Nigeria has not joined an international tax treaty mediated by the Organization for Economic Cooperation and Development as it would result in a loss of revenue to Africa’s largest economy.
The requirement that signatories pay tariffs on digital sales of multinationals with only 20 billion euros ($ 21.4 billion) annual global turnover and 10% global profits was a matter of “concern” because “most companies operating in our country do not meet such standards.” Muhammad Nami, executive chairman of the Federal Internal Revenue Service, said in an emailed statement.
Africa’s top oil producer, which has one of the lowest tax collections in the world, has refused to sign an OECD-led effort to reform international tax rules to allow multinational corporations, wherever they may operate, to pay their fair share of taxes. The reforms are aimed at ensuring that multinationals have a minimum tax rate of 15% from 2023. About 130 countries, representing more than 90% of global economic output, have signed up to join the global tax treaty.

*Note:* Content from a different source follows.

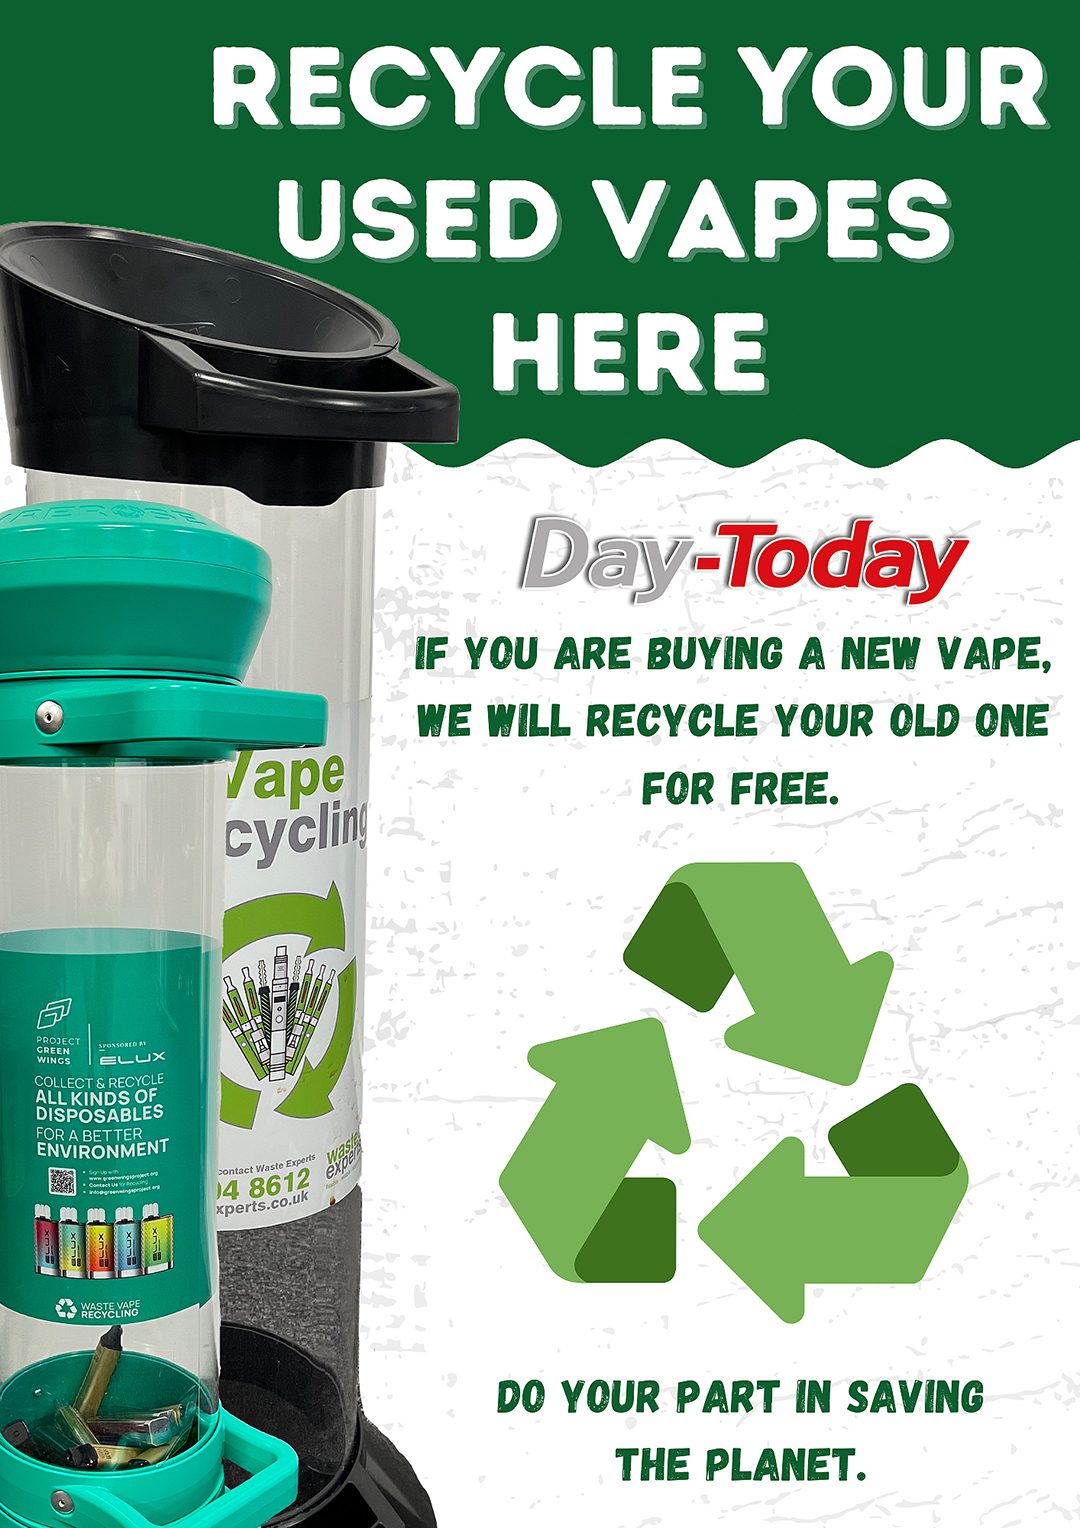 Poster for United Wholesale Scotland's new vape recycling bins. Text states: "Recycle your used vapes here. Day-Today. If you are buying a new vape, we will recycle your old one for free. Do your part in saving the planet.

Although the OECD agreement is not in Nigeria’s favor, Africa’s most populous country has developed internal solutions to raise more taxes in the digital economy, according to Nami. The tax agency introduced digital-service tax in January to boost revenue, and tax collection in February is projected to increase from 6.4 trillion naira in 2021 to about 10 trillion naira this year, supported by increased automation and the installation of ICT infrastructure.